**Work request:** Would you repeat each line below exactly, without the pictures?

**Source data:**
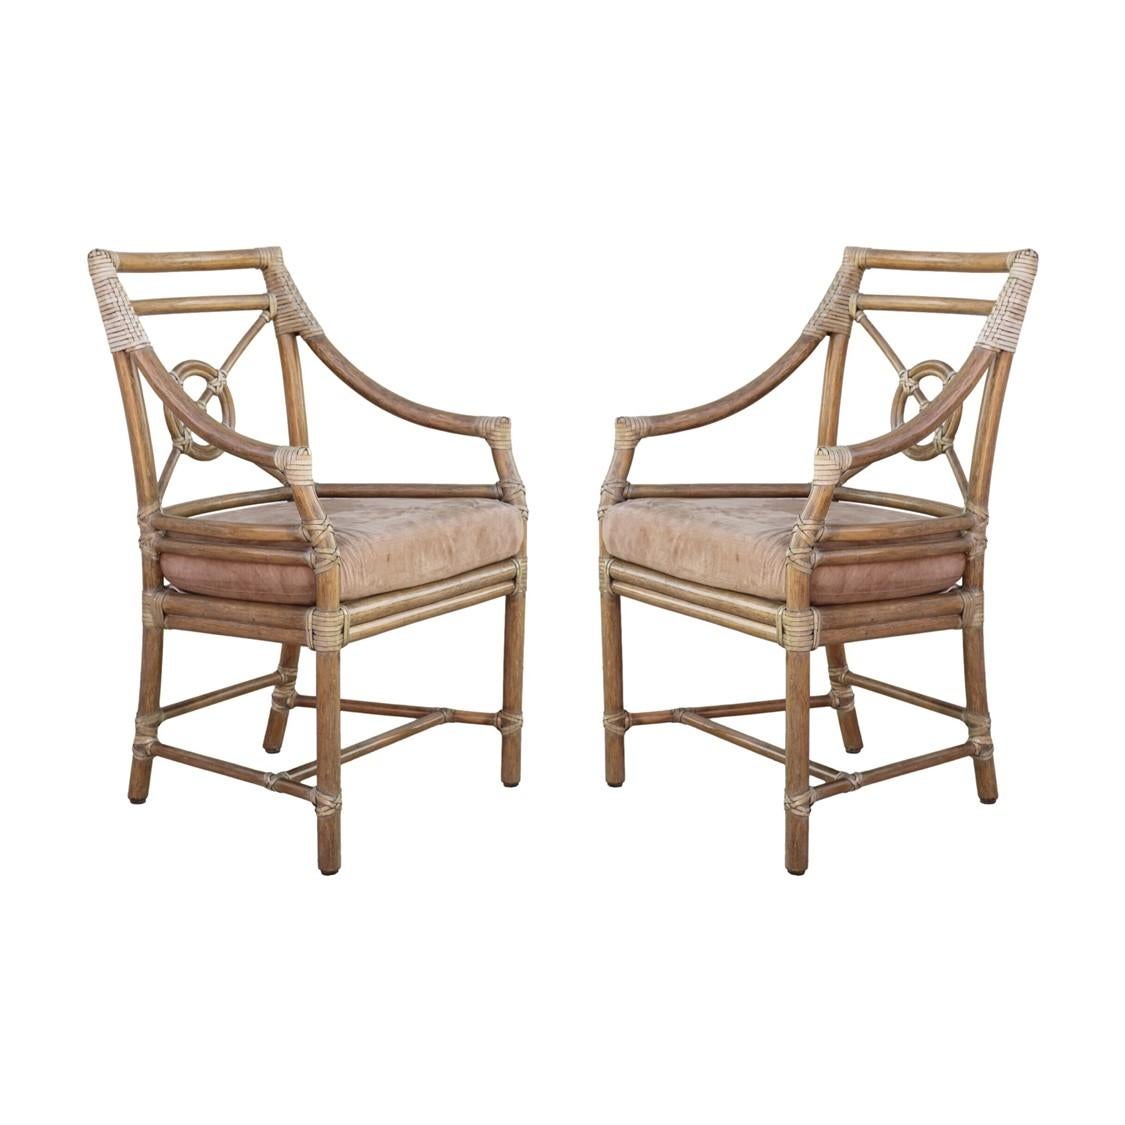 Paire de fauteuils ou de chaises de salle à manger en rotin conçus par l'innovatrice Elinor McGuire dans le style moderne organique californien. Ces chaises impeccablement fabriquées présentent un dossier ouvert en rotin, qui encadre le design
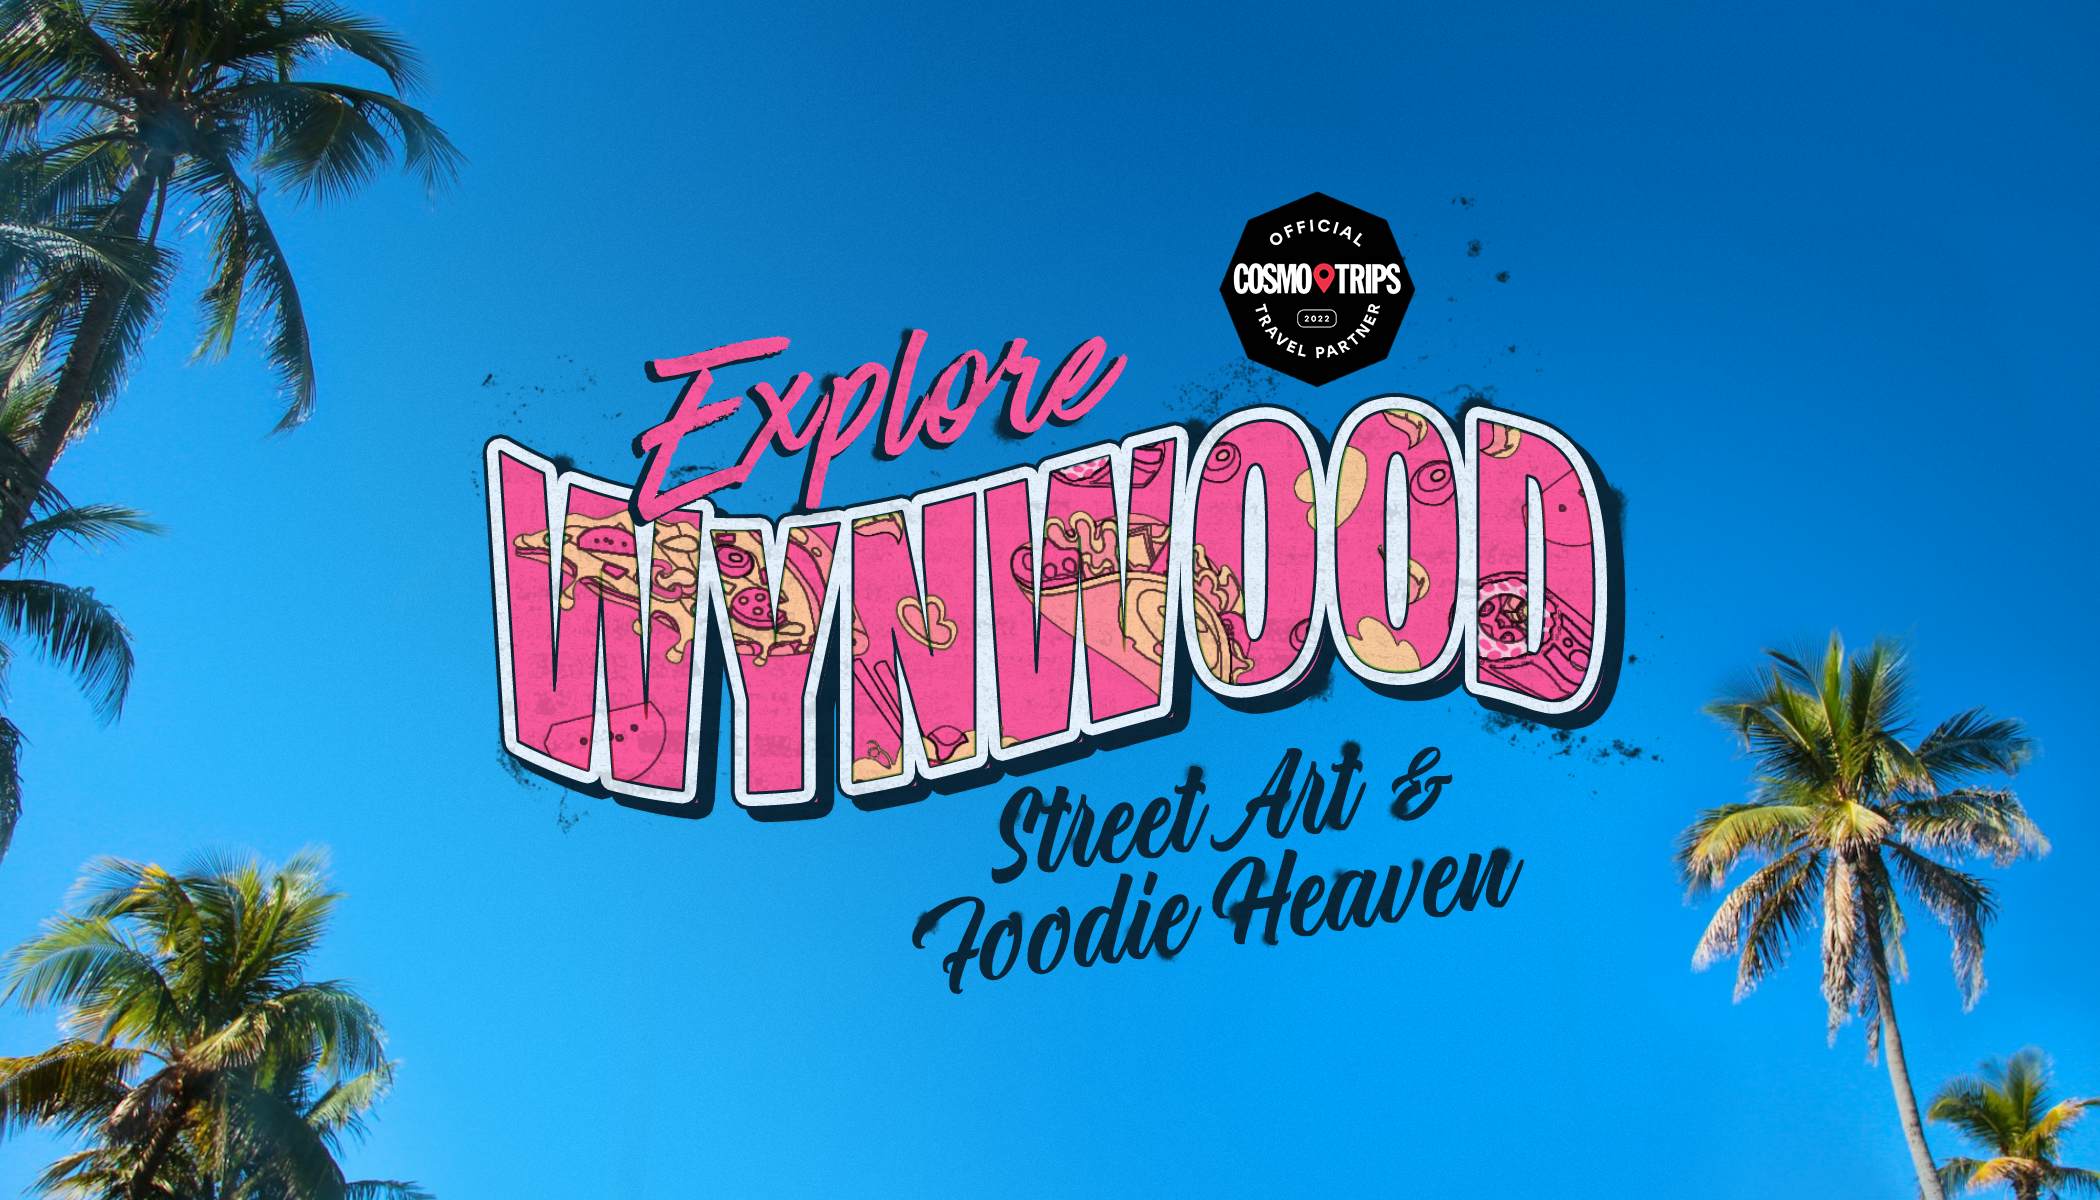 Explore Wynwood: Street Art & Foodie Heaven image
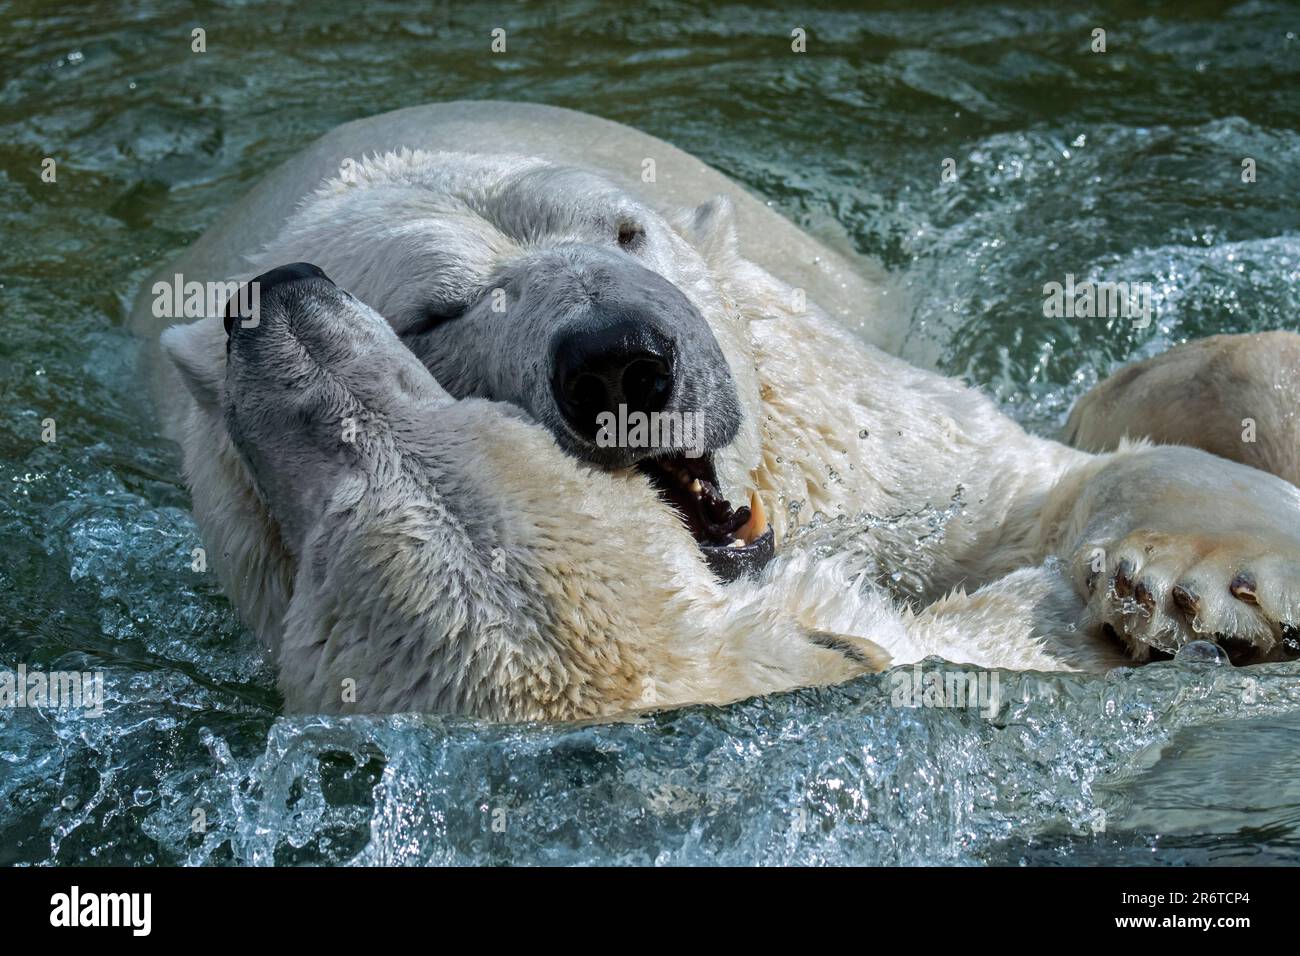 Deux ours polaires (Ursus maritimus) combats de jeu / jouer à la lutte dans l'eau de la piscine au zoo lors d'une journée chaude en été Banque D'Images

**Exercise solution:**
 Paire de fauteuils ou de chaises de salle à manger en rotin conçus par l'innovatrice Elinor McGuire dans le style moderne organique californien. Ces chaises impeccablement fabriquées présentent un dossier ouvert en rotin, qui encadre le design
 Explore Wynwood: Street Art & Foodie Heaven image
 Deux ours polaires (Ursus maritimus) combats de jeu / jouer à la lutte dans l'eau de la piscine au zoo lors d'une journée chaude en été Banque D'Images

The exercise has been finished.